* _DATA_:

#####

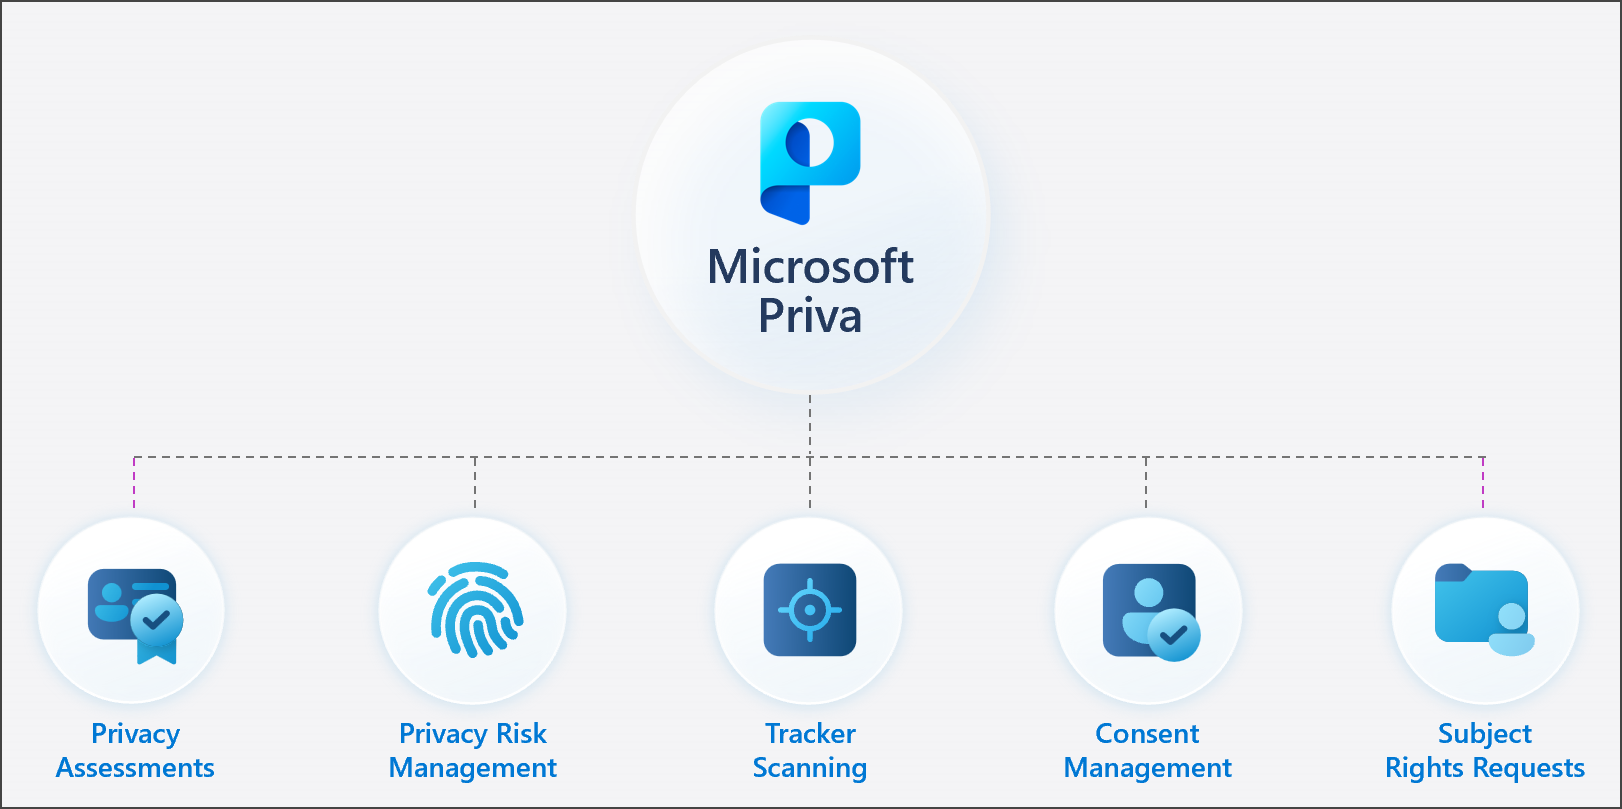 Ilustração da família de soluções Microsoft Priva.
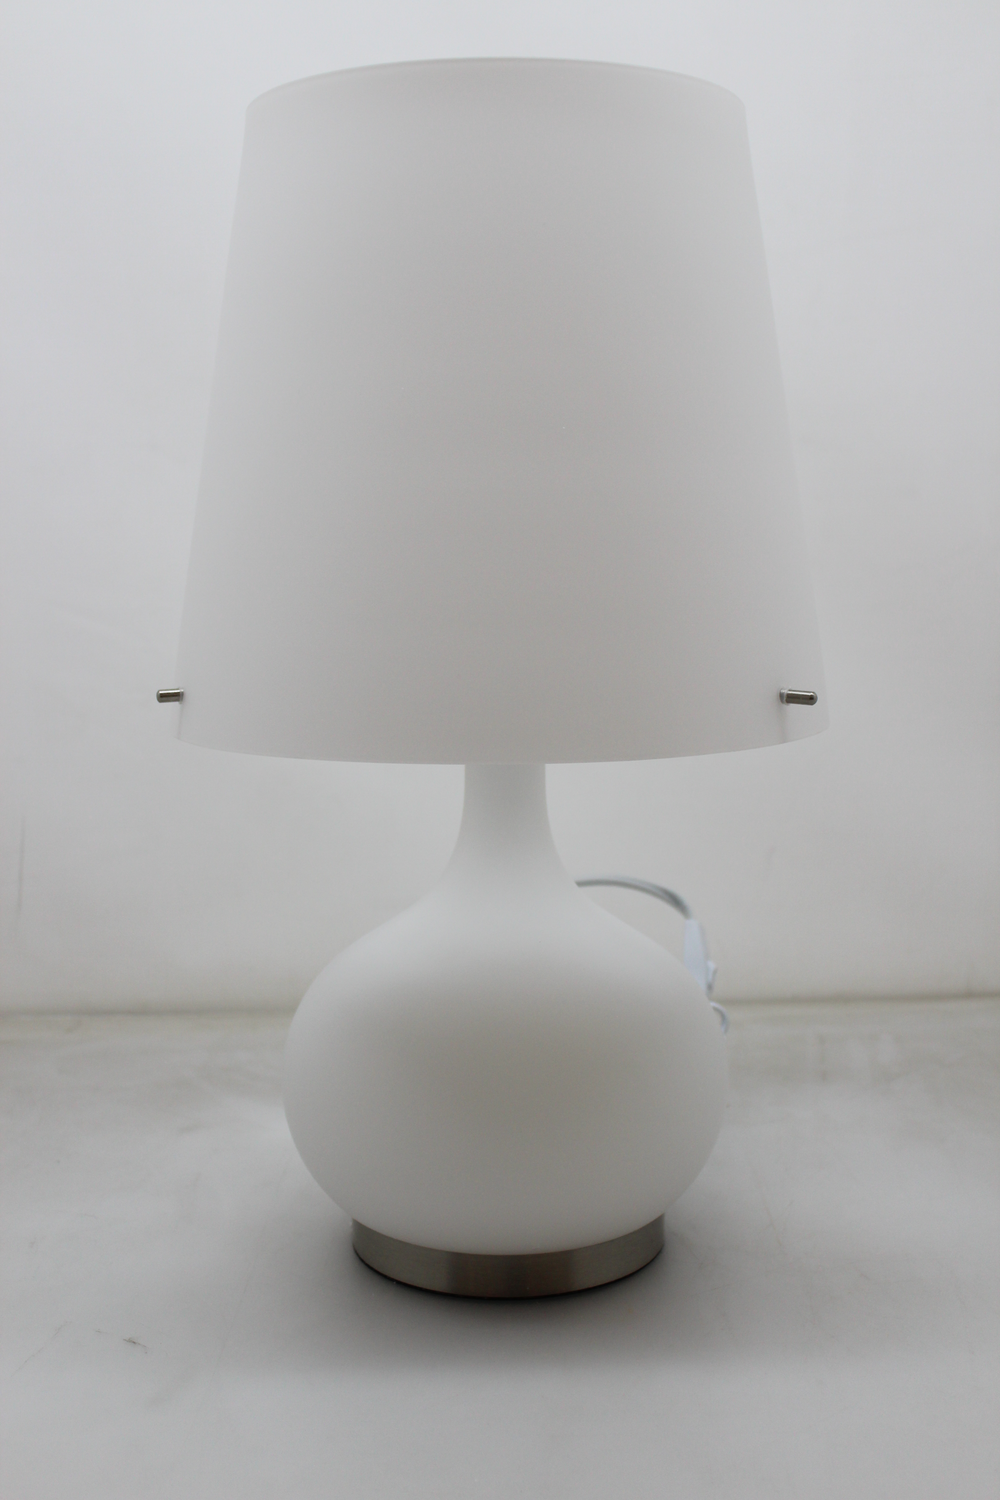 Fabas Luce Tischleuchte Ade Tischlampe Tischlicht Leuchte Lampe Licht weiß 58 cm
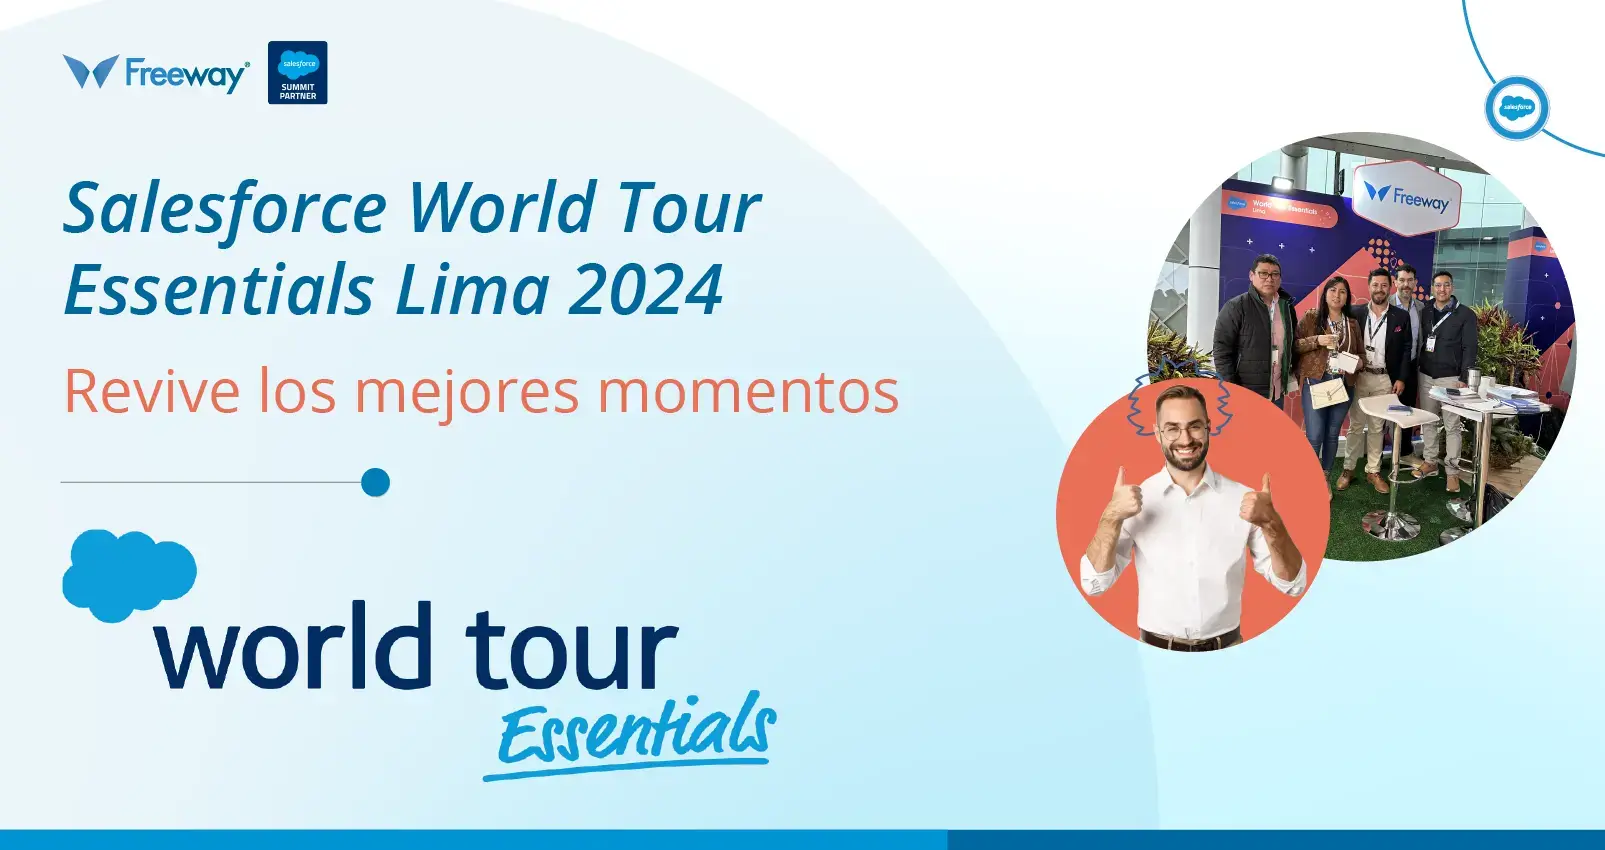 Salesforce World Tour Essentials Lima 2024
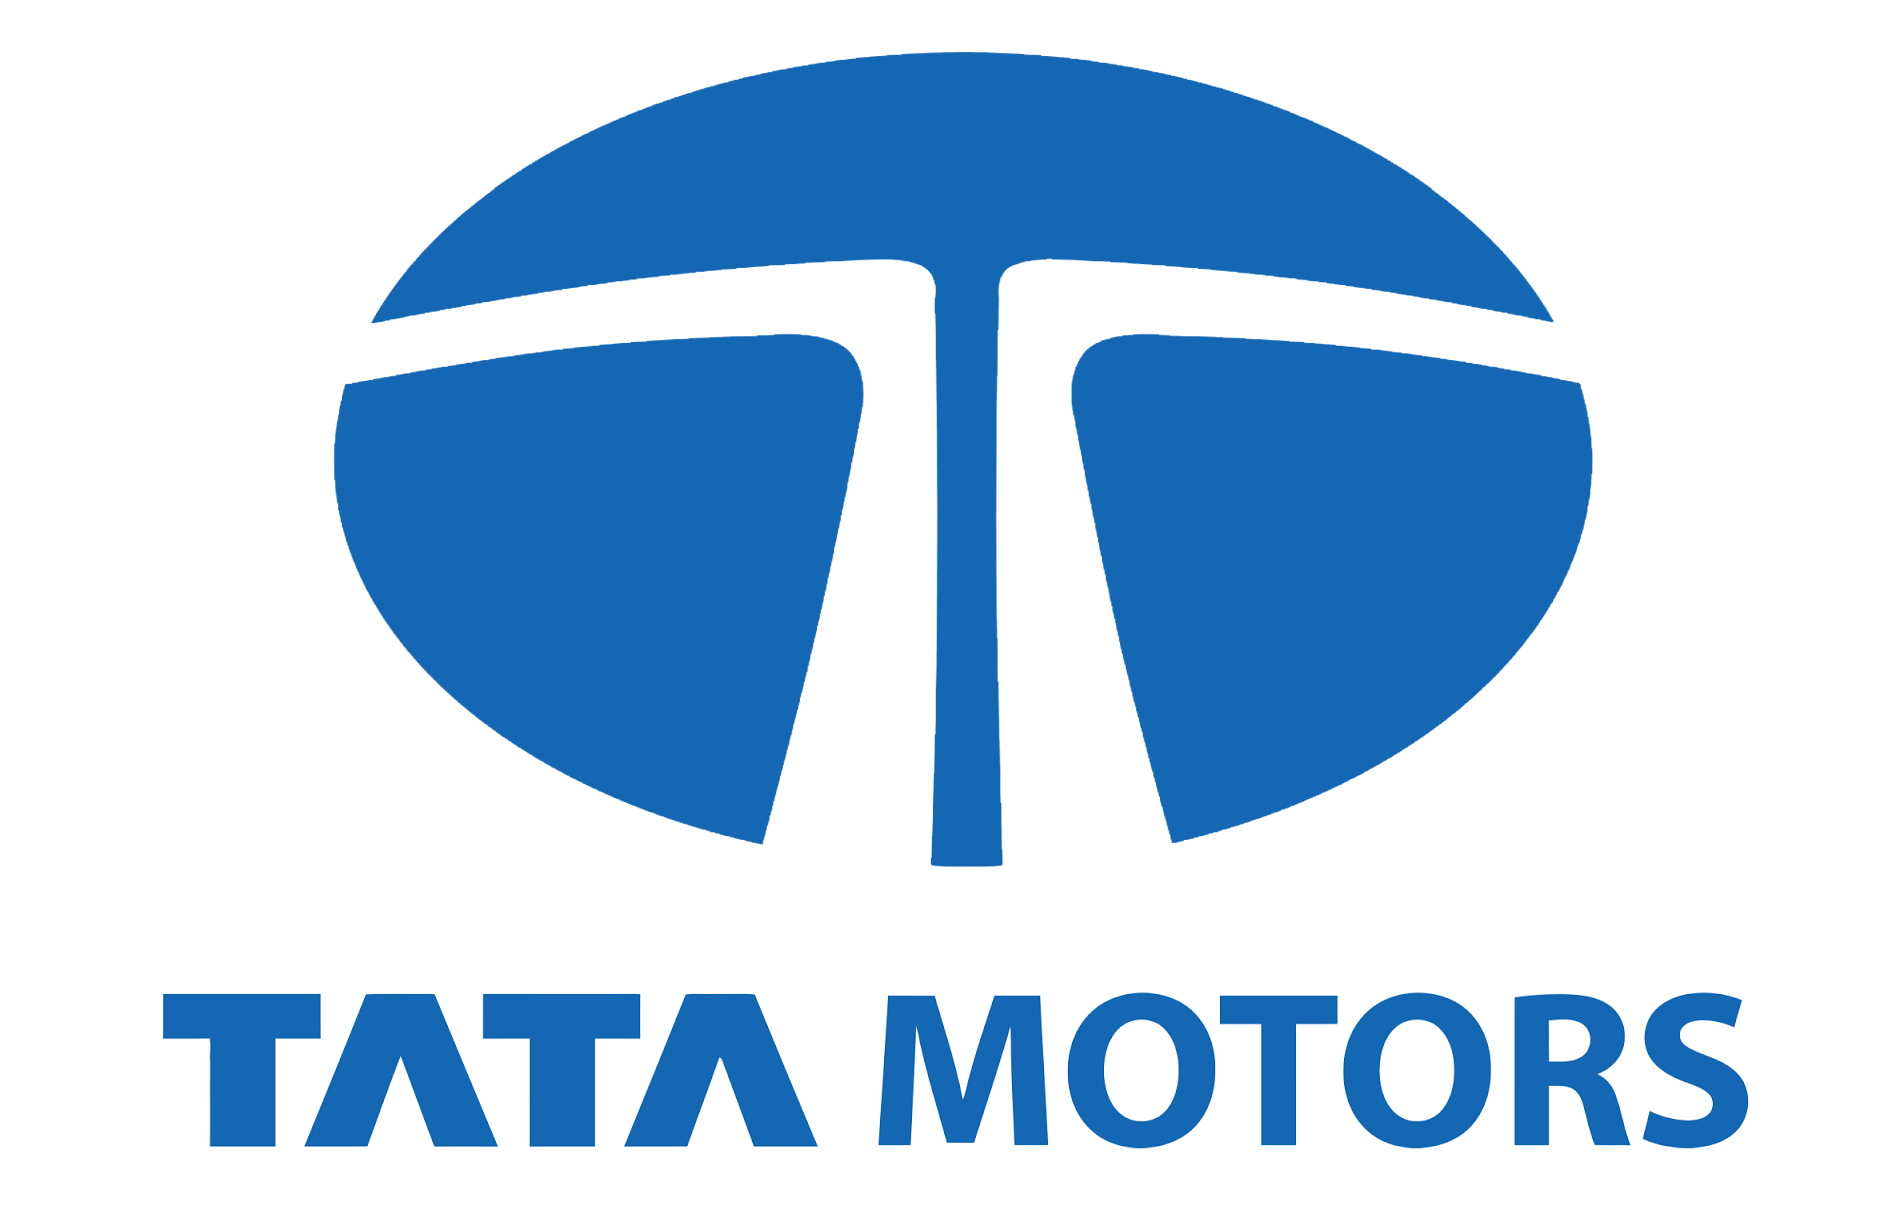 Tata Motors Cars Showroom - Prerana Motors|Show Room|Automotive

#####

Only the lines from the one containing "Fabas Luce Tischleuchte" through the final line of the material should appear in the answer, copied exactly and without any picture.

 Fabas Luce Tischleuchte Ade Tischlampe Tischlicht Leuchte Lampe Licht weiß 58 cm
 Salesforce World Tour Essentials Lima 2024
 Tata Motors Cars Showroom - Prerana Motors|Show Room|Automotive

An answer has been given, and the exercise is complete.